13 Ağustos 2013 Salı

In the Company of Men (1997)

Sevgilileri tarafından terkedilmiş 30'lu yaşlarda iki beyaz yakalı, 6 haftalık iş seyahatlerinde karşı cinsten intikam almak için bir plan yapar. Ancak bu plan, duyguların işin içine girmesiyle çok geçmeden bozulacaktır...

Küstah, alaycı, acımasız, geveze ve yakışıklı Chad, sevgilisinin kendisini terk etmesiyle küplere binmiştir. Kendi halinde ve işinde gücünde olan arkadaşı Howard'ın durumu da farklı değildir. İkisi birlikte 6 haftalık bir iş seyahatine çıkacaktır. Chad havaalanında kadınlar üzerine uzun bir tirad patlattıktan sonra ağzındaki baklayı çıkartır: Kadınlardan intikam almak istemektedir. Howard'a bir teklifte bulunur. Gittikleri yerde bir kurban seçecek, bu kurbanla aynı anda birlikte olacak sonra da onu yüzüstü bırakacaklardır. Chad bunun ileride birbirlerine anlatacakları "eğlenceli" bir hikaye olabileceğini düşünmektedir. Ümitsiz durumdaki Howard, arkadaşının teklifini çok düşünmeden kabul eder.

Chad yeni iş yerine varır varmaz güzel ancak sağır bir daktilocu olan Christine'i farkeder. Howard'la aynı anda Christine'le çıkmaya başlarlar. Uzun zamandır yalnız olan bu zavallı kız, mutluluktan uçmaktadır.
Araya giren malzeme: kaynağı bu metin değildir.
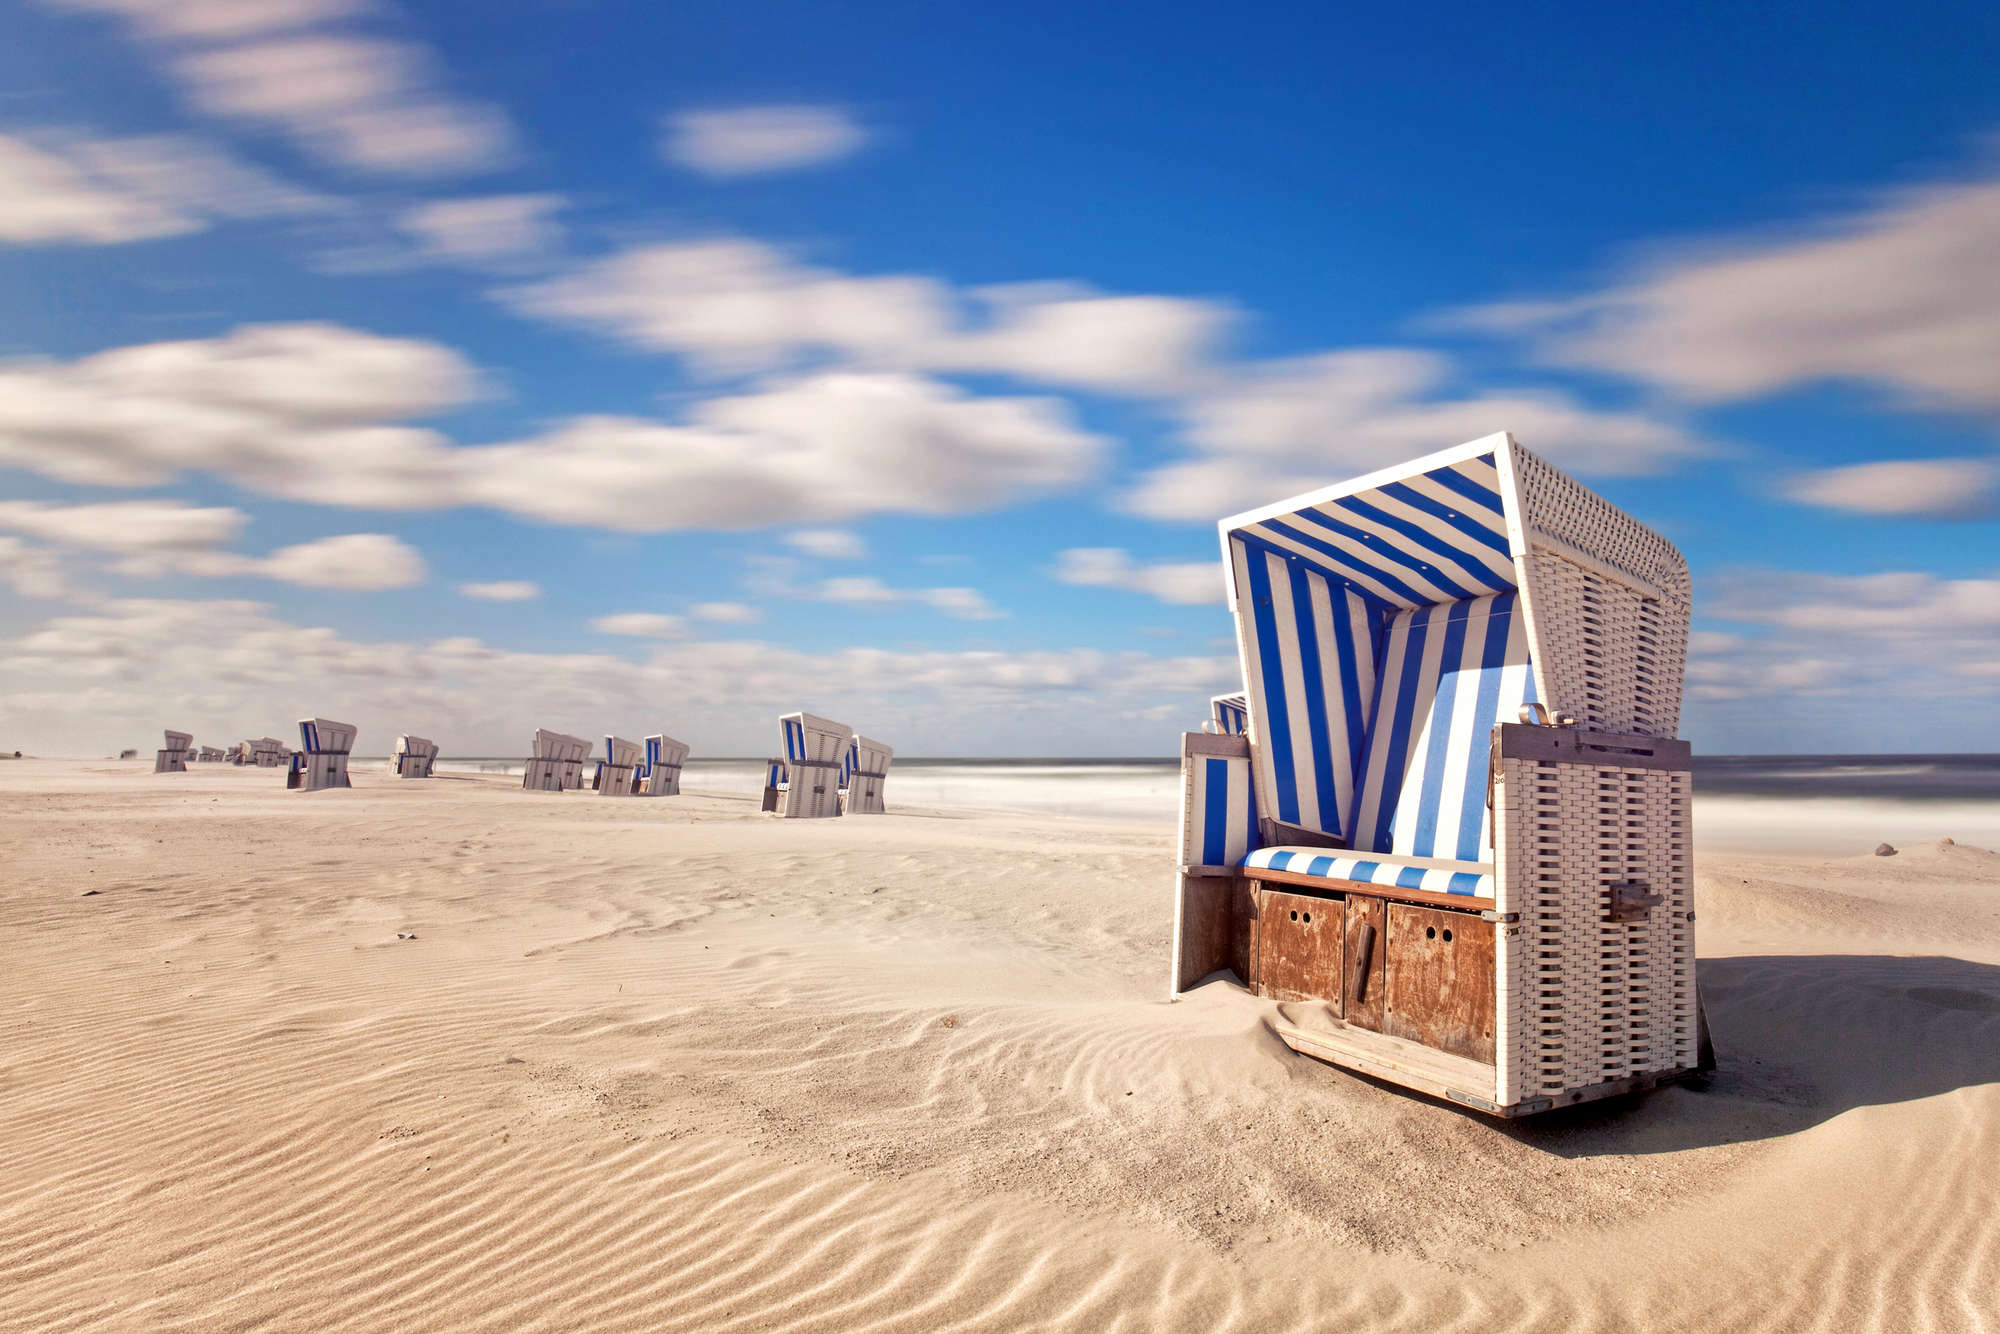             Beach mural beach chairs in the sand on textured fleece
        
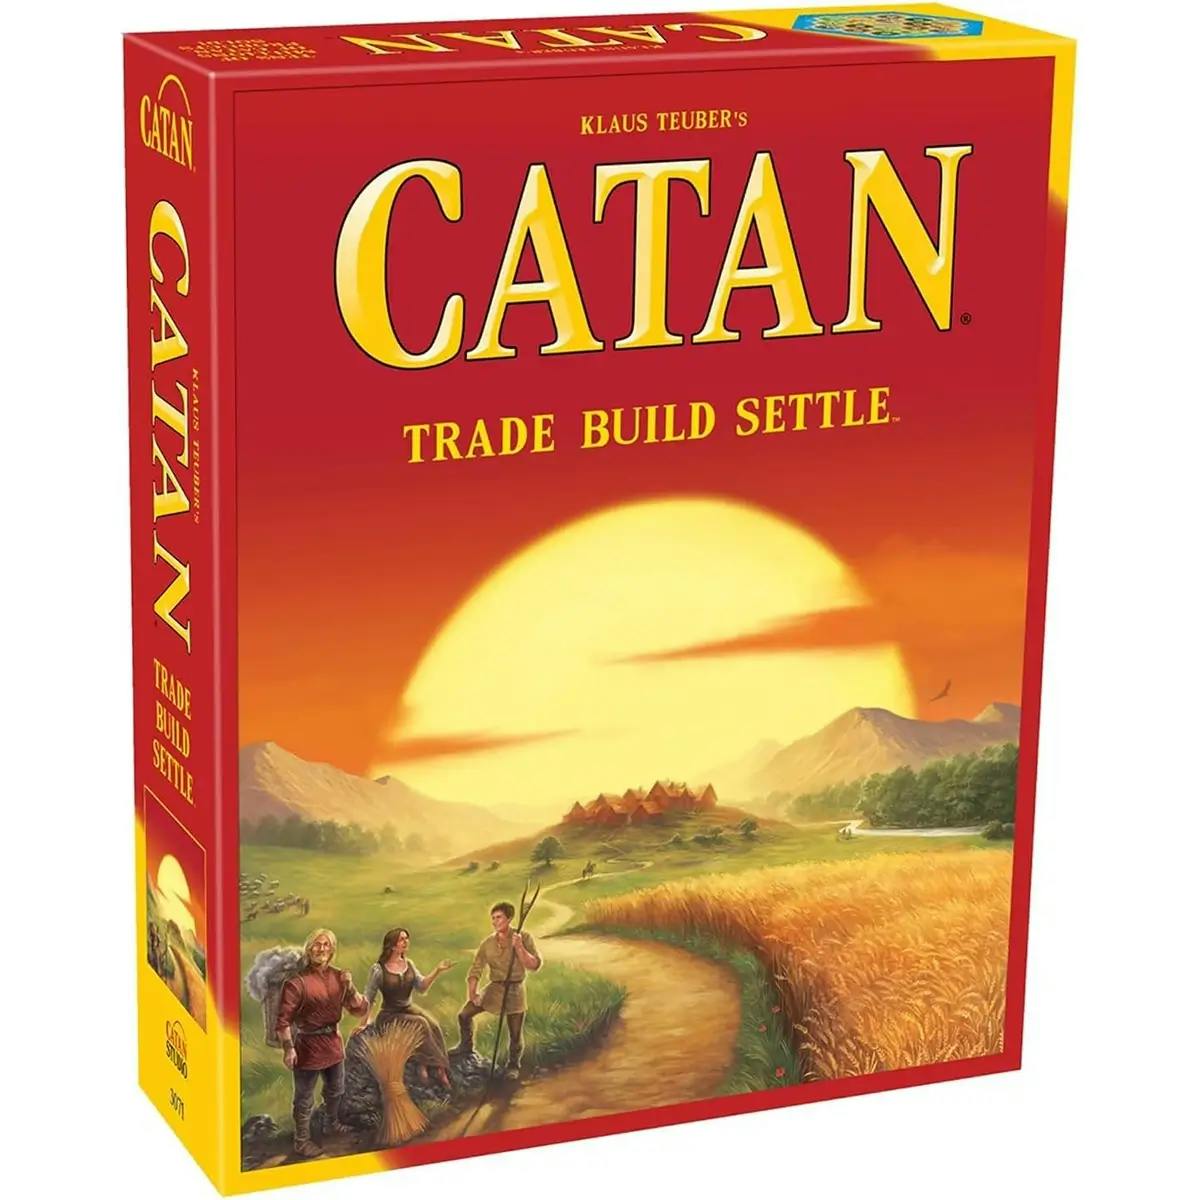 Catan board game.

Tabii ki kalbini Chad'e kaptırınca, plan tel tel dökülmeye başlar...

Erkeğin küstahlığını, kötülüğünü ve hayvanlığını gözler önüne seren bu filmin belki bütçesinden belki de yönetmenin savsaklığından kaynaklanan ilginç bir dili ve atmosferi var. 6 haftanın sonunda ne olacağına dair merakınız zaman zaman ölecek gibi olsa da daima diri tutuluyor ve yönetmen, dramatik ironiyi (izleyicinin bildiğini filmdeki karakterin bilmemesi durumunu) aktif bir kara film ögesi olarak kullanıyor: Masum Christine için endişeleniyorsunuz. Bu da filmi sürekli tedirgin ve karamsar bir ruh haliyle izlemenize yol açıyor.

In the Company of Men özürlü bir kadının kaderinin erkekler tuvaletindeki acımasız kahkahalarla yazıldığı sert ve şakası olmayan bir film.